Rocha, Rui, Sousa, José M., Cerqueira, Laura, Vieira, Maria J., Almeida, Carina, Azevedo, Nuno F.
Food microbiology 2019 v.80 pp. 1-8
Listeria monocytogenes, culture media, fluorescence in situ hybridization, food matrix, food pathogens, ground beef, ground pork, inoculum, lettuce, milk, mortality, nucleic acids, shrimp
Listeria monocytogenes is one of the most important foodborne pathogens due to the high hospitalization and mortality rates associated to an outbreak. Several new molecular methods that accelerate the identification of L. monocytogenes have been developed, however conventional culture-based methods still remain the gold standard. In this work we developed a novel Peptide Nucleic Acid Fluorescence in situ Hybridization (PNA-FISH) method for the specific detection of L. monocytogenes. The method was based on an already existing PNA probe, LmPNA1253, coupled with a novel blocker probe in a 1:2 ratio.
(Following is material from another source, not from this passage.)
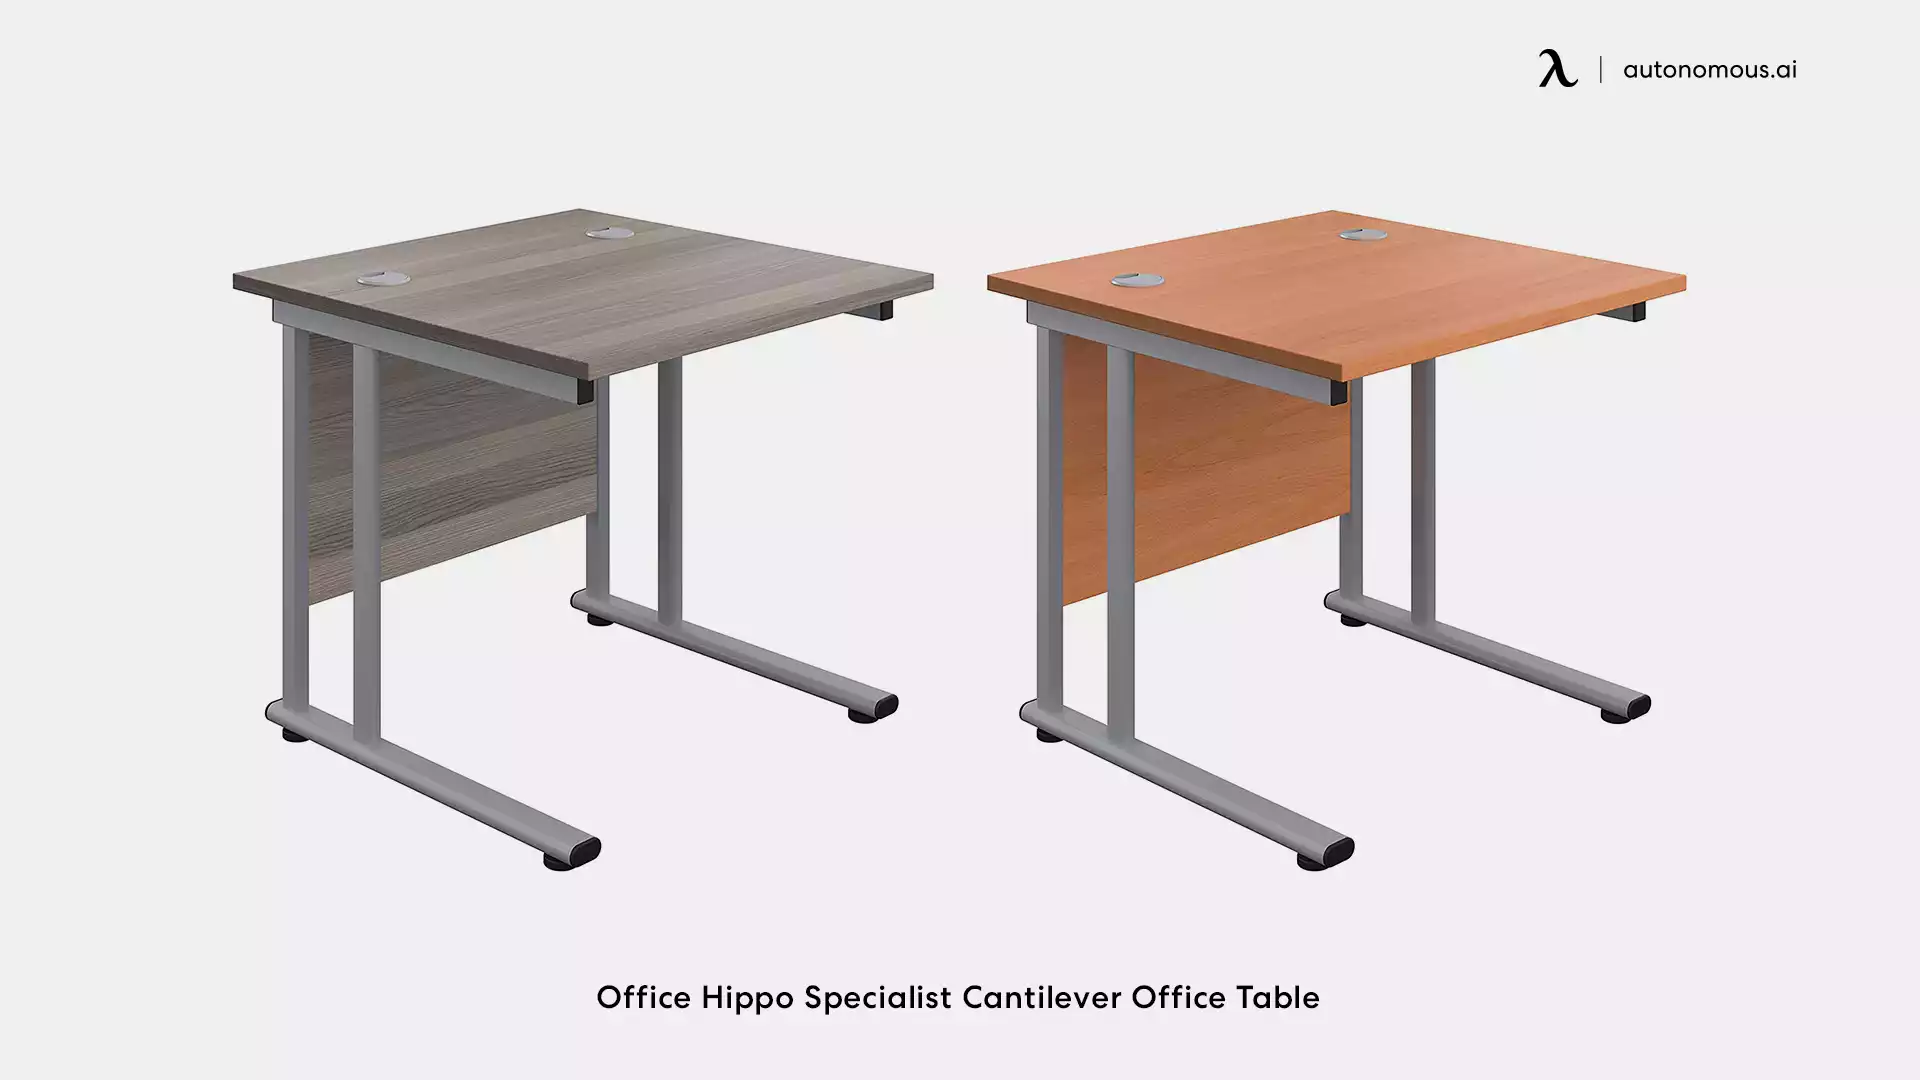 Office Hippo Specialist Cantilever Office Table

The method was optimized for the detection of L. monocytogenes in food samples through an evaluation of several rich and selective enrichment broths. The best outcome was achieved using One Broth Listeria in a two-step enrichment of 24 h plus 18 h. For validation in food samples, ground beef, ground pork, milk, lettuce and cooked shrimp were artificially contaminated with two ranges of inoculum: a low level (0.2–2 CFU/25 g or mL) and a high level (2–10 CFU/25 g or mL). The PNA-FISH method performed well in all types of food matrices, presenting an overall accuracy of ≈99% and a detection limit of 0.5 CFU/25 g or mL of food sample.